There is a of lot of room to move in this script. The number of offsprings, the number of individuals that are saved, the number of iterations, the mutation rate… These parameters should not affect the result too much, however if you are not satisfied with the end result then these are the culprits. In general it is always tinkering about with the parameters of the GA in order to get a satisfying result. This is the common of all heuristic algorithms: you need to hold their hand.

### Applying it to our simple example

Now, for the fun part, let’s put it all into practice. As a refresher we are trying to fit a polynomial to the mono-variable square function.

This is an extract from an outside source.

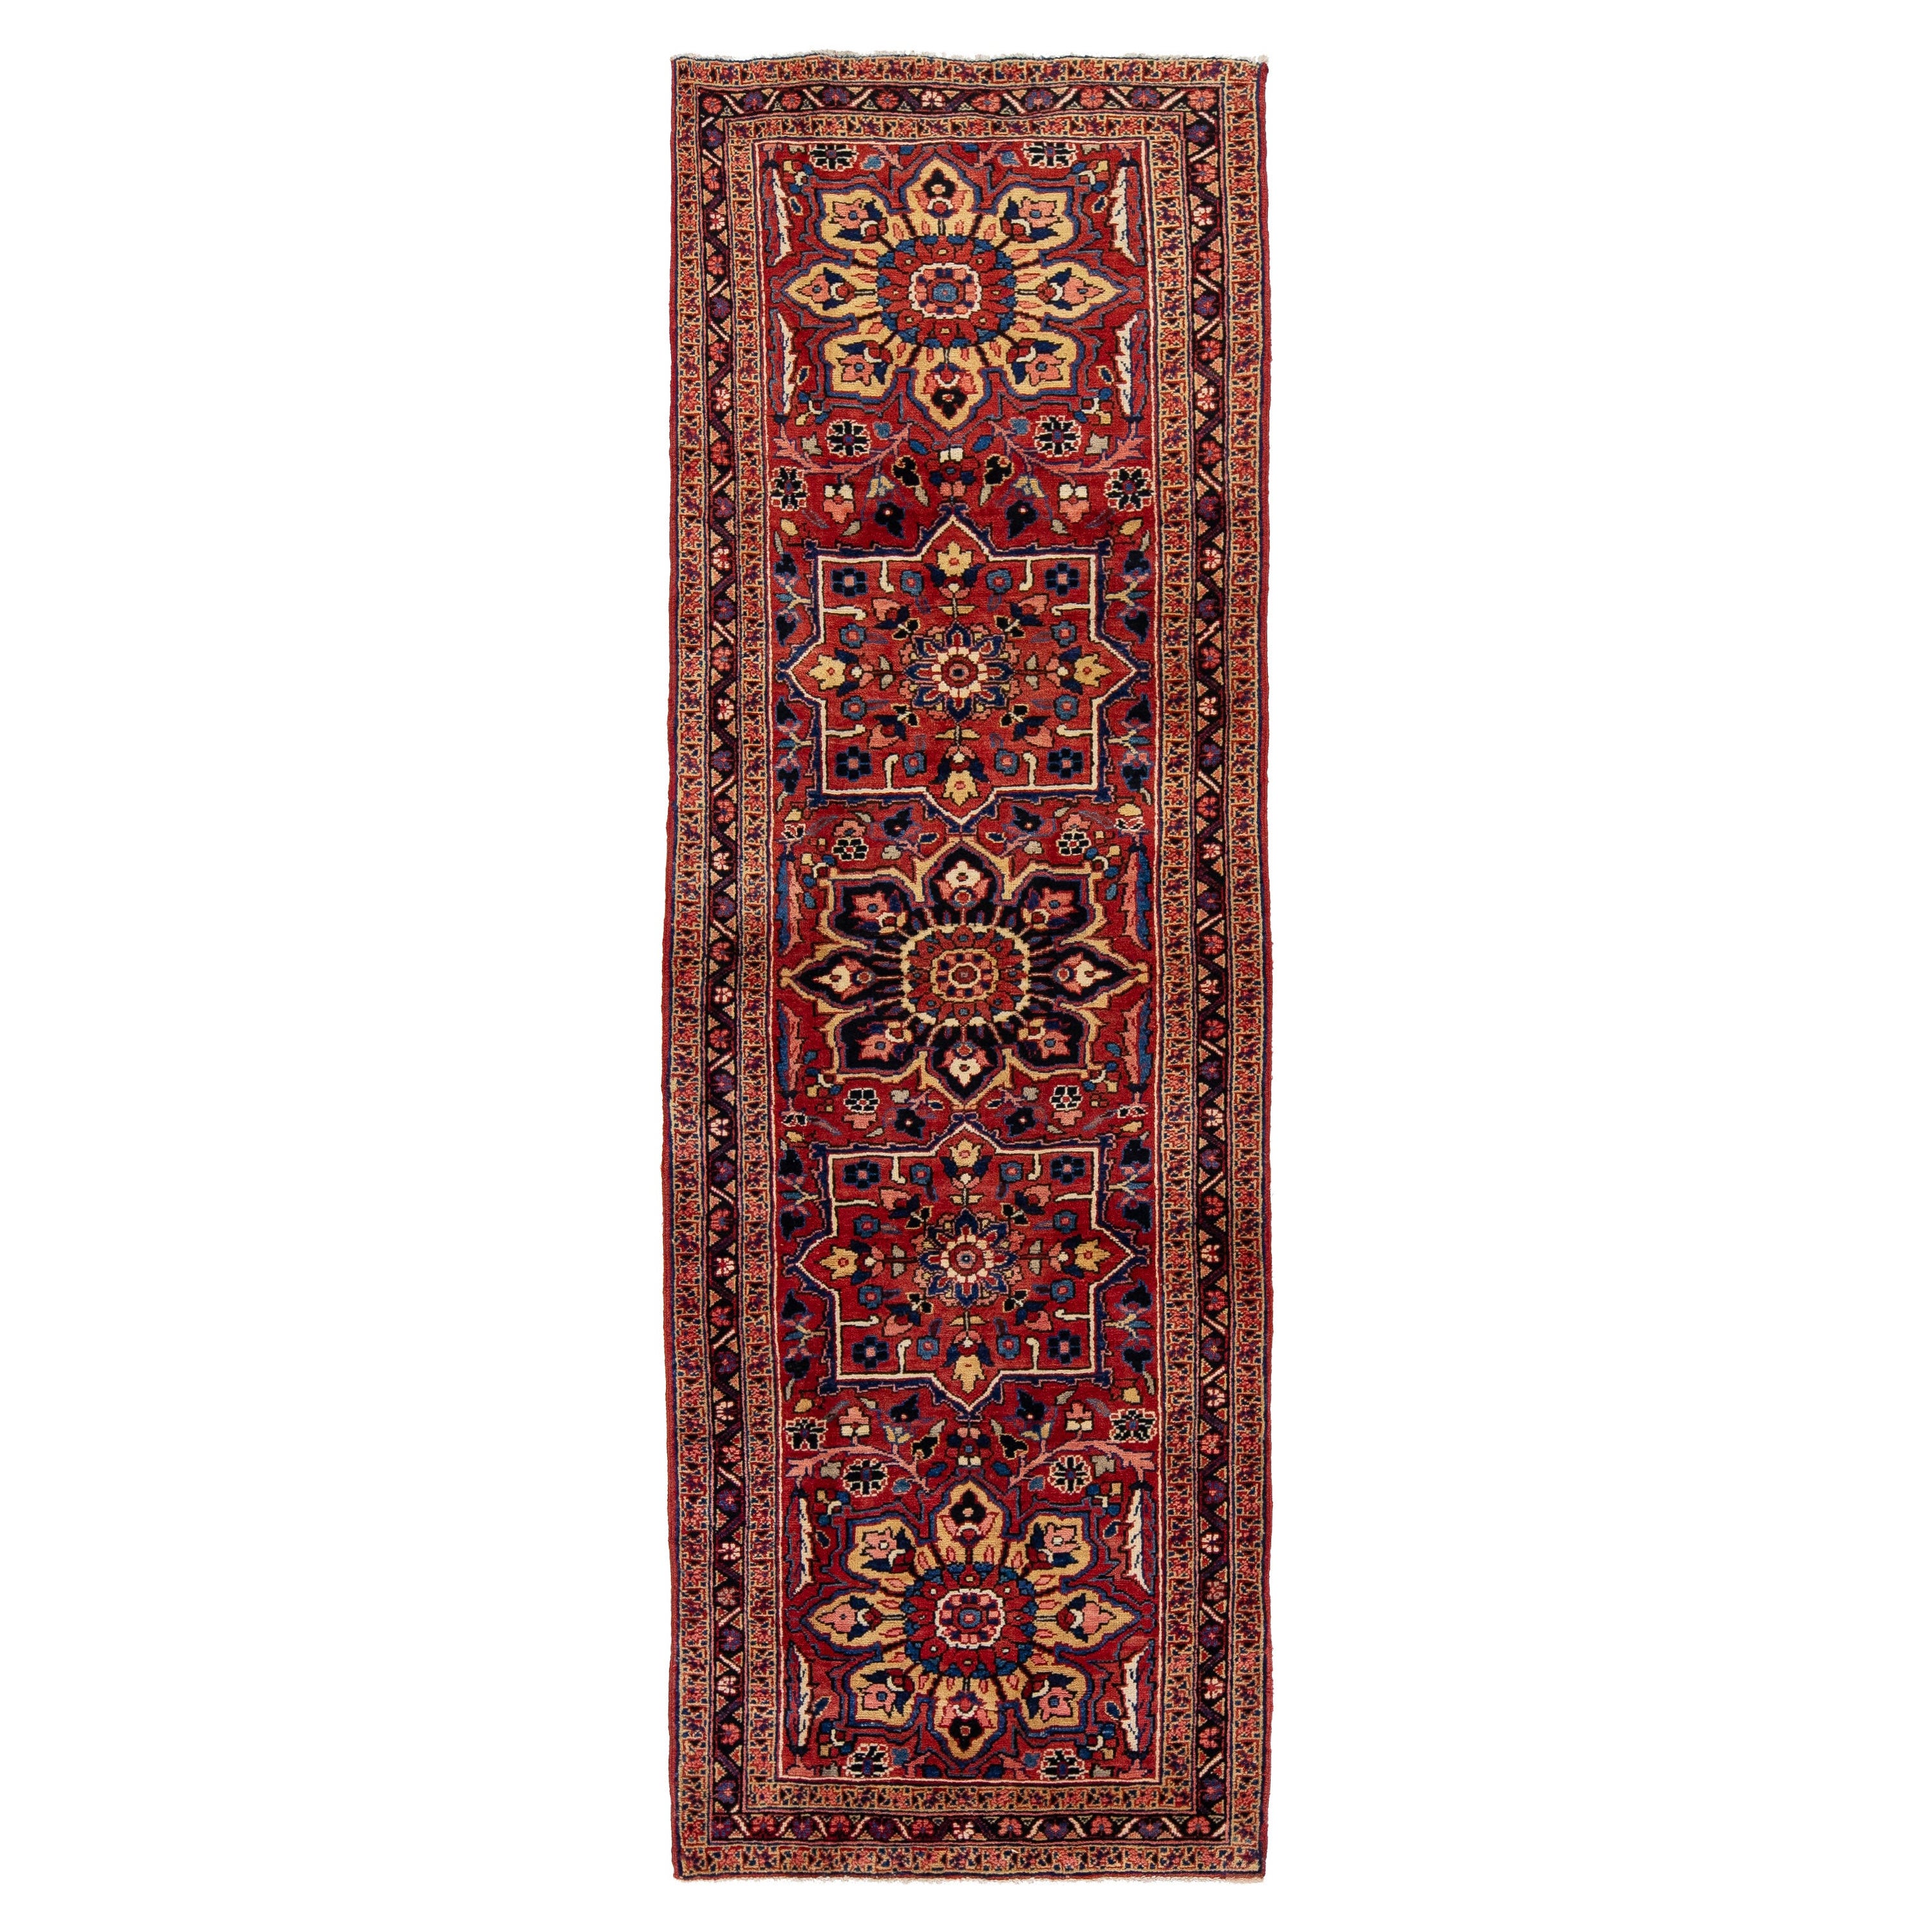 Antique Tribal Persian Heriz Handmade Red Wool Rug

Let’s define some parameters.

```
generations = 300
degrees = 2
variables = 1
```

The `generations`

parameter simply defines the number of times the GA will try and enhance the population. The more the better. Usually, after a certain number of iterations, the GA will get stuck on a local optima and no better offsprings will be produced, this is called a `convergence`

.

Let’s create an initial population and evaluate it a first time.

```
polynomials = Population(degrees, variables)
polynomials.evaluate(lookupTable)
polynomials.sort()
```

Let’s enhance it 100 times.

```
# Iterate through generations
for g in range(generations):
# Enhance the population
polynomials.enhance(lookupTable)
```

And display the best polynomial.

```
polynomials.best[-1].display()
```

```
Polynomial form
---------------
0.010587779398717412 * x0**1 +
0.9804601148158121 * x0**2 +
0.04182274968452471
```

We wanted to find $x^2$ so this is pretty close! However the example was fairly simple, let’s try it with something a tad more complicated.

### Applying it to more complicated data

Let’s try to these a polynomial of degree 4 with more complex data.

```
import pandas as pd
import numpy as np
# Create a dataframe
df = pd.DataFrame(np.arange(-2, 2.2, 0.2), columns=['x'])
df['square'] = df['x'] ** 3 + df['x'] ** 2
# Create the lookup table
lookupTable = {}
for i, record in df.iterrows():
key = record['x']
lookupTable[key] = record['square']
# Parameters
generations = 300
degrees = 4
variables = 1
# Initialize a population
polynomials = Population(degrees, variables)
polynomials.evaluate(lookupTable)
polynomials.sort()
# Iterate through generations
for g in range(generations):
# Enhance the population
polynomials.enhance(lookupTable)
polynomials.best[-1].display()
```

As a measure of how well the algorithm did check out the following graph.

Not too shabby!

## Remarks

There is still a lot to be said for this specific use case and many improvements can be made. However I think that the algorithm is not too complicated to put in place and doesn’t require complicated mathematics. The example tries to mimic a more general problem: *interpolation*, a more mathematical approach to curve fitting that gets very messy once the number of points increases. The nice feature of this script is that the user can specify the degree of the polynomial he wants to fit.

The two main ways for improving the algorithm better are

- coding a better mutation.
- implementing different selection methods.

It’s important to understand the philosophy of these algorithms, the idea is that the solutions they spit out will never be the same because they are heuristic in nature.

All the code is available on my GitHub. I added a few more things that were not essential for this tutorial (for example the code for producing plots). You’ll need Python 3 to use it. Also everything is nicely packaged so that you can easily use it for other projects.

Thanks for reading this, I hope you enjoyed it.